Data:
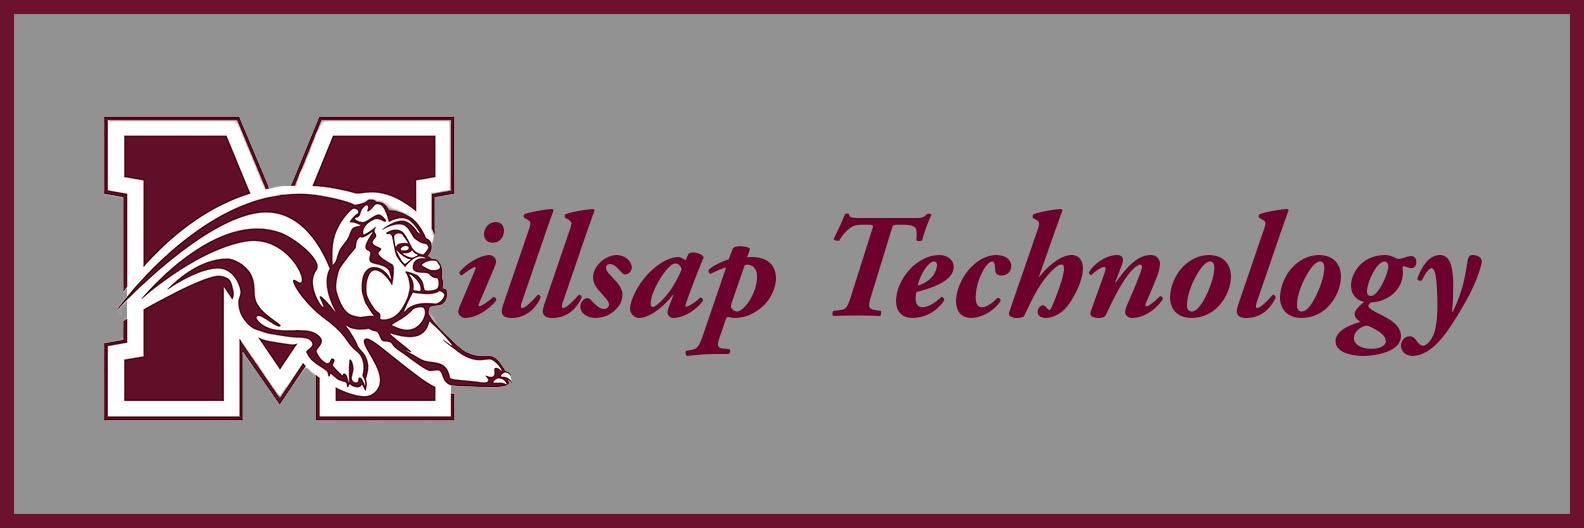 Millsap Technology 
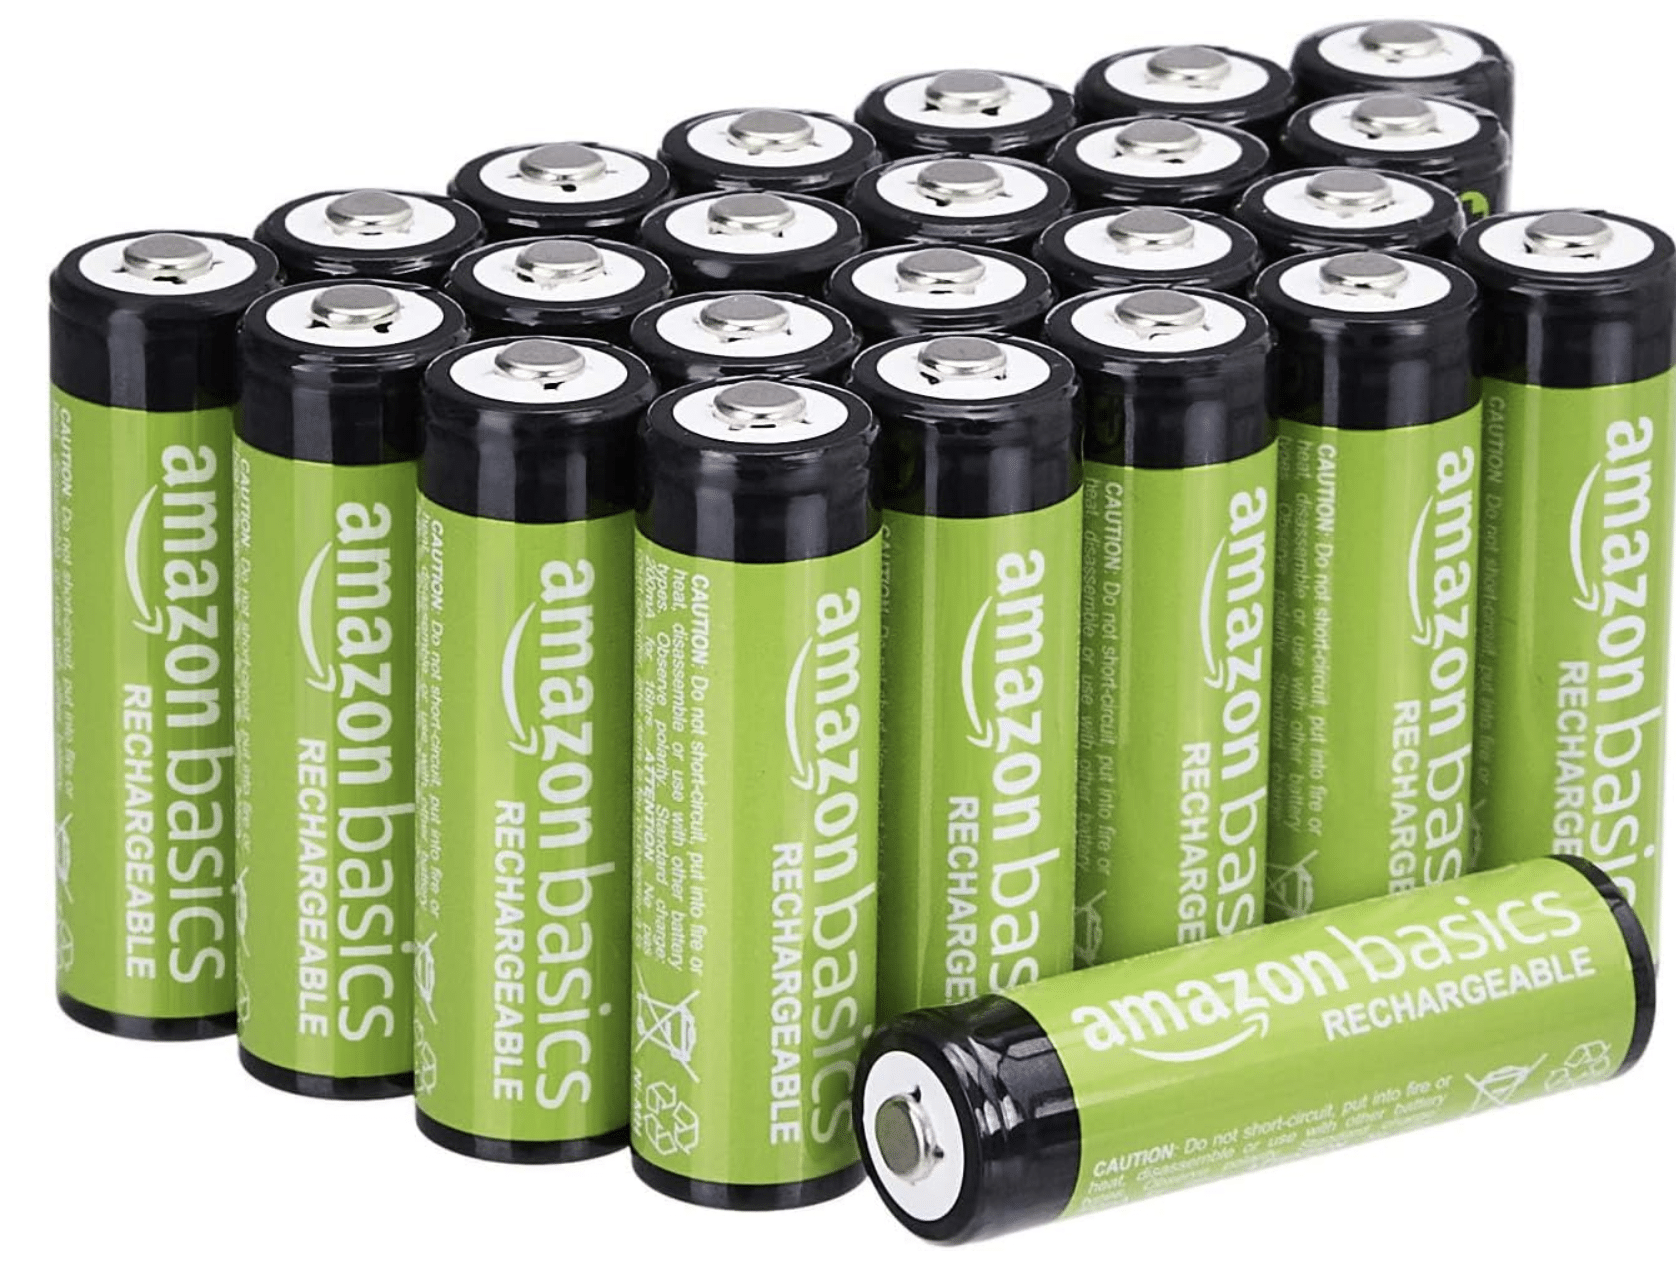 Thumbnail Amazon Basics AA-Batterien, wiederaufladbar, 2000 mAh, vorgeladen, 24 Stück
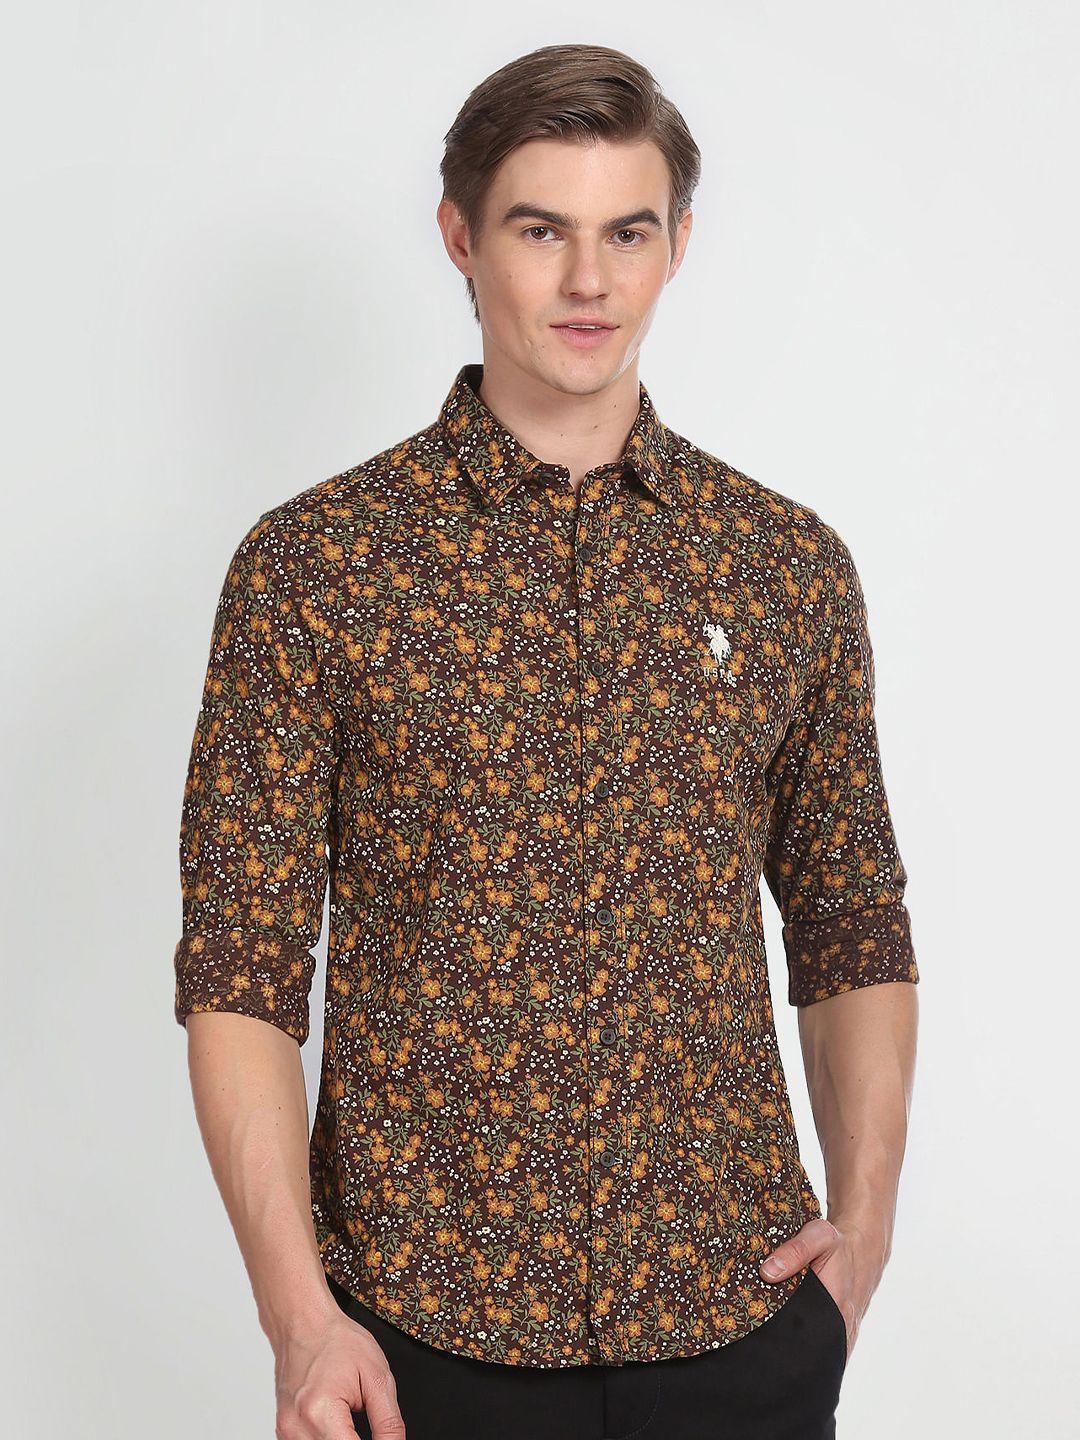 u.s. polo assn. denim co. slim fit floral opaque printed cotton casual shirt

Your goal: Output the listing above in full and exactly, with pictures excluded.

Result:
 Millsap Technology 
 Thumbnail Amazon Basics AA-Batterien, wiederaufladbar, 2000 mAh, vorgeladen, 24 Stück
 u.s. polo assn. denim co. slim fit floral opaque printed cotton casual shirt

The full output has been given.